You notice a ringing in your ears when you wake up in the morning. This is weird because they weren’t doing that yesterday. So you start thinking about likely causes: you haven’t been working in the shop (no power tools have been around your ears), you haven’t been listening to your music at an unreasonable volume (it’s all been quite moderate of late). But you did have a headache yesterday, and you did take some aspirin last night.
Could it be the aspirin?
And that idea gets your brain working because perhaps it is the aspirin. You feel like you remember hearing that certain medications can produce tinnitus symptoms. is aspirin one of those medicines? And does that mean you should stop using aspirin?
What’s The Connection Between Tinnitus And Medications?
Tinnitus is one of those disorders that has long been reported to be associated with many different medications. But those rumors aren’t really what you’d call well-founded.
The common notion is that tinnitus is widely viewed as a side effect of a diverse range of medications. But the fact is that only a small number of medications produce tinnitus symptoms. So why does tinnitus have a reputation for being this ultra-common side effect? Here are some theories:
- The affliction of tinnitus is fairly common. Chronic tinnitus is an issue for as many as 20 million people. When that many individuals suffer from symptoms, it’s unavoidable that there will be some coincidental timing that happens. Unrelated tinnitus symptoms can begin right around the same time as medication is taken. Because the timing is, coincidentally, so close, people make some false (but understandable) assumptions about cause-and-effect.

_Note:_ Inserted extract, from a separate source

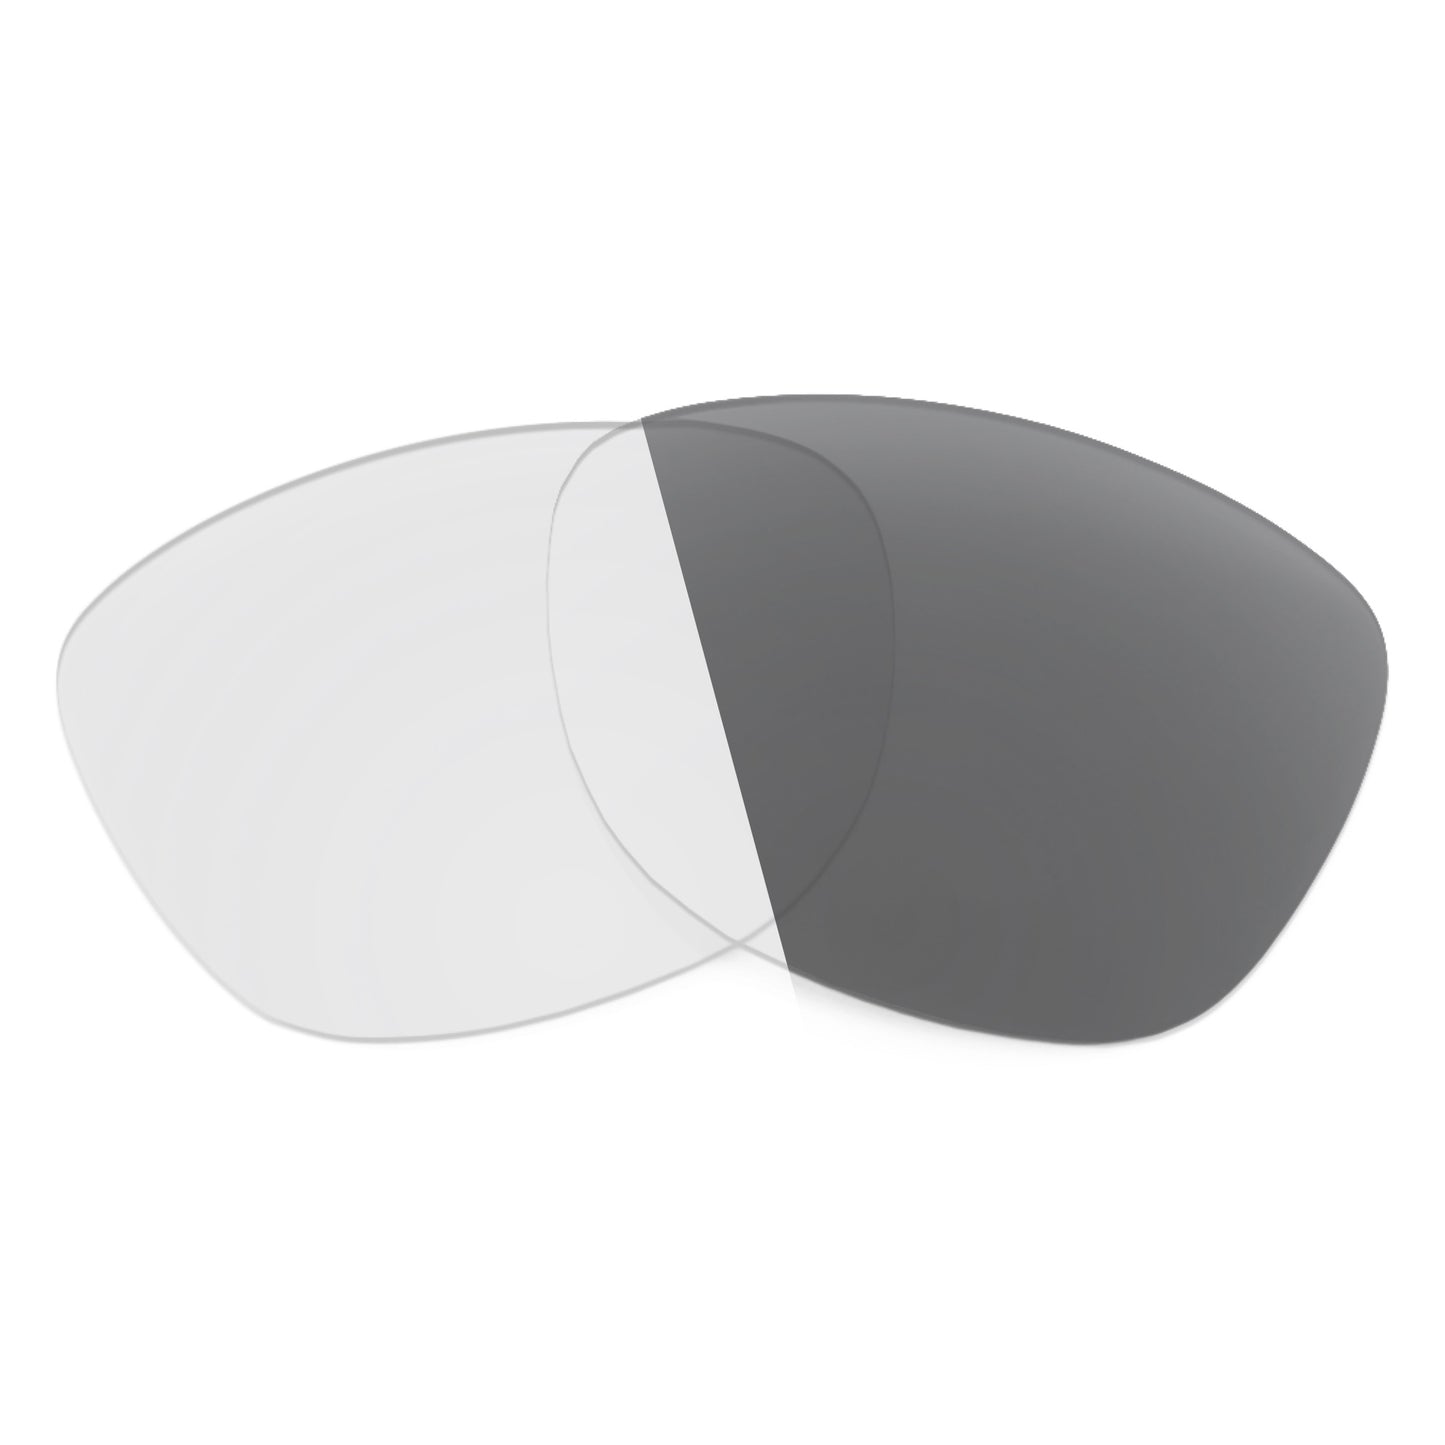 Revant replacement lenses for Spy Optic Hi-Fi Non-Polarized Adapt Gray Photochromic
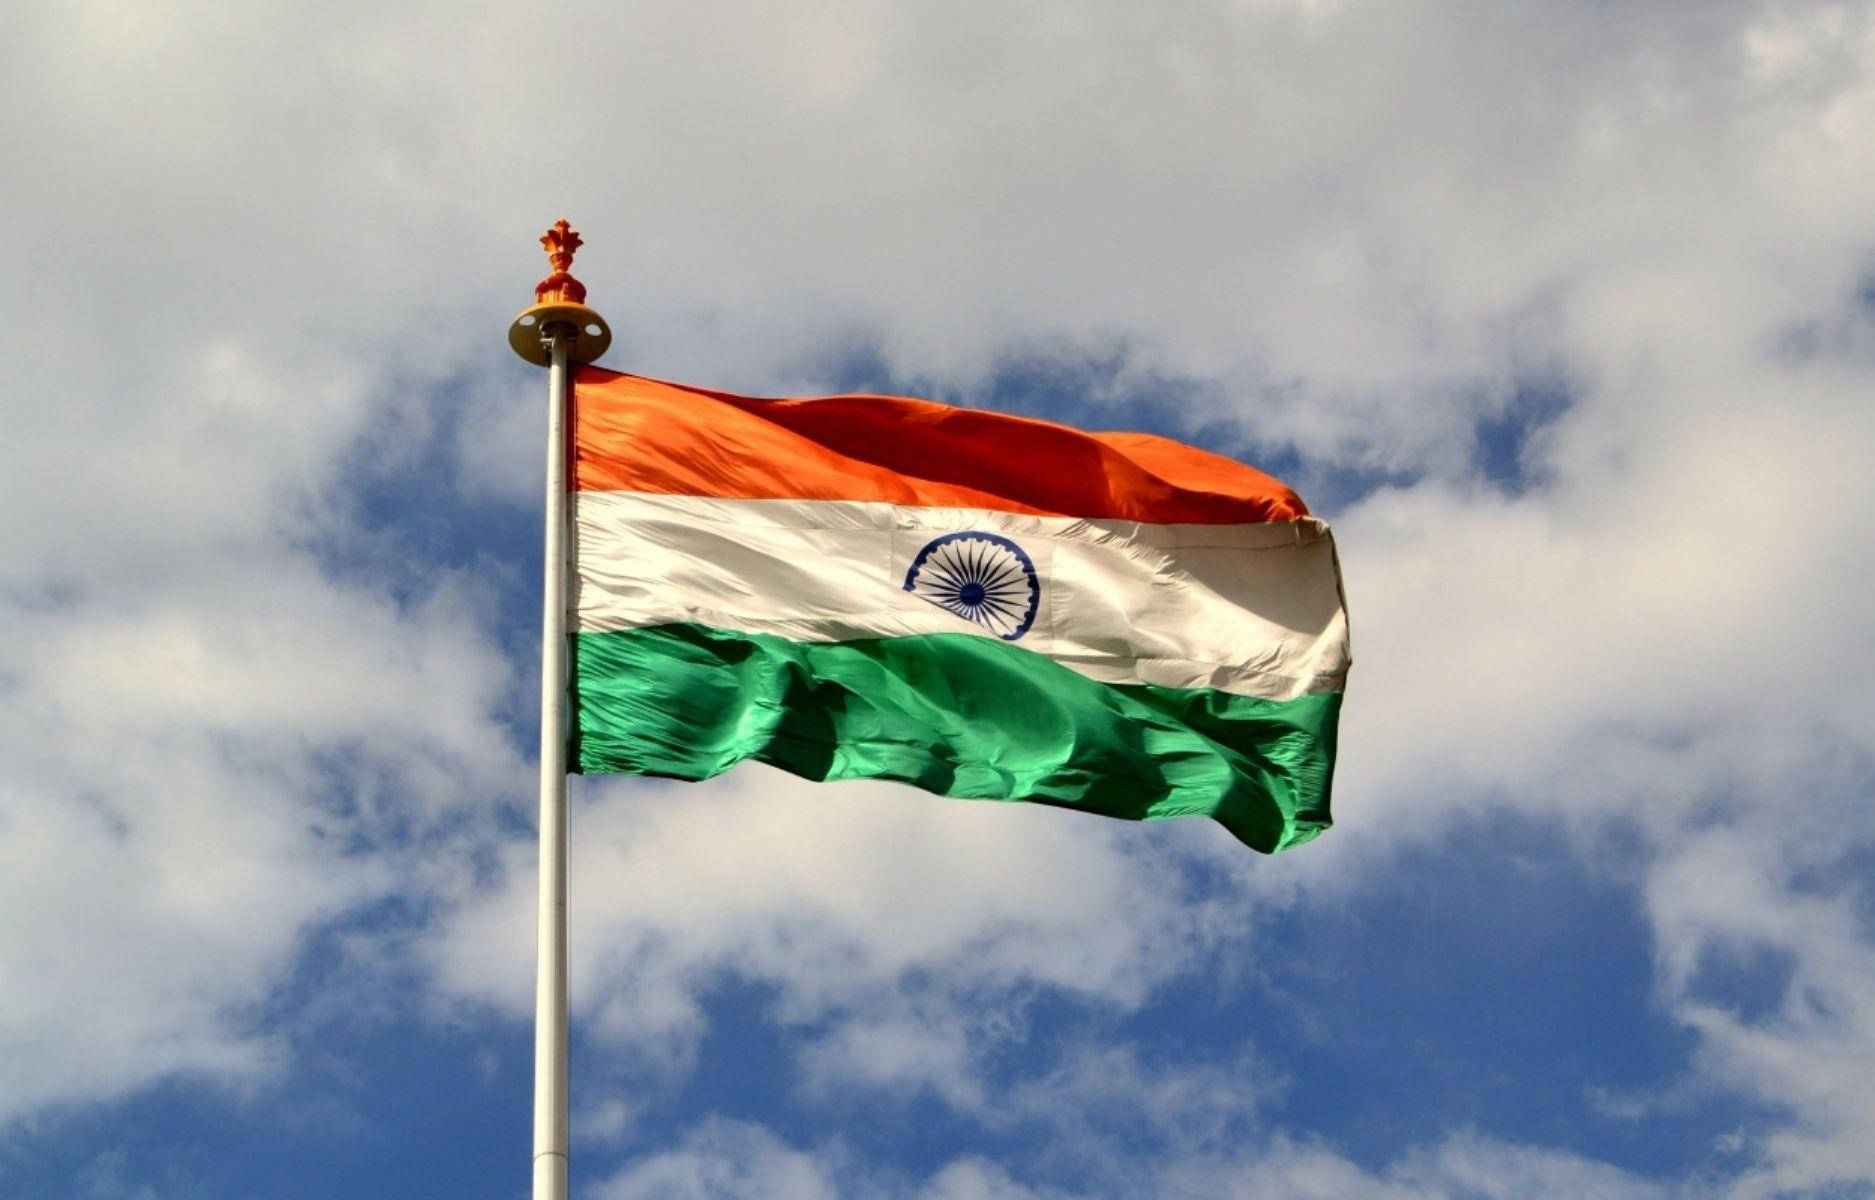 Free Indian Flag Hd Wallpaper Downloads, [100+] Indian Flag Hd Wallpapers  for FREE

- Starting a new medication can be stressful. Or, in some cases, it’s the underlying cause, the thing that you’re taking the medication to fix, that is stressful. And stress is commonly linked to tinnitus. So in this case, the tinnitus symptoms aren’t being caused by the medication. The whole experience is stressful enough to cause this sort of confusion.
- Your blood pressure can be changed by many medicines which in turn can cause tinnitus symptoms.
What Medicines Are Connected to Tinnitus
There is a scientifically established link between tinnitus and a few medicines.
Powerful Antibiotics And The Tinnitus Connection
There are ototoxic (damaging to the ears) properties in some antibiotics. These strong antibiotics are normally only used in special situations and are known as aminoglycosides. High doses have been proven to result in damage to the ears (including some tinnitus symptoms), so such dosages are normally avoided.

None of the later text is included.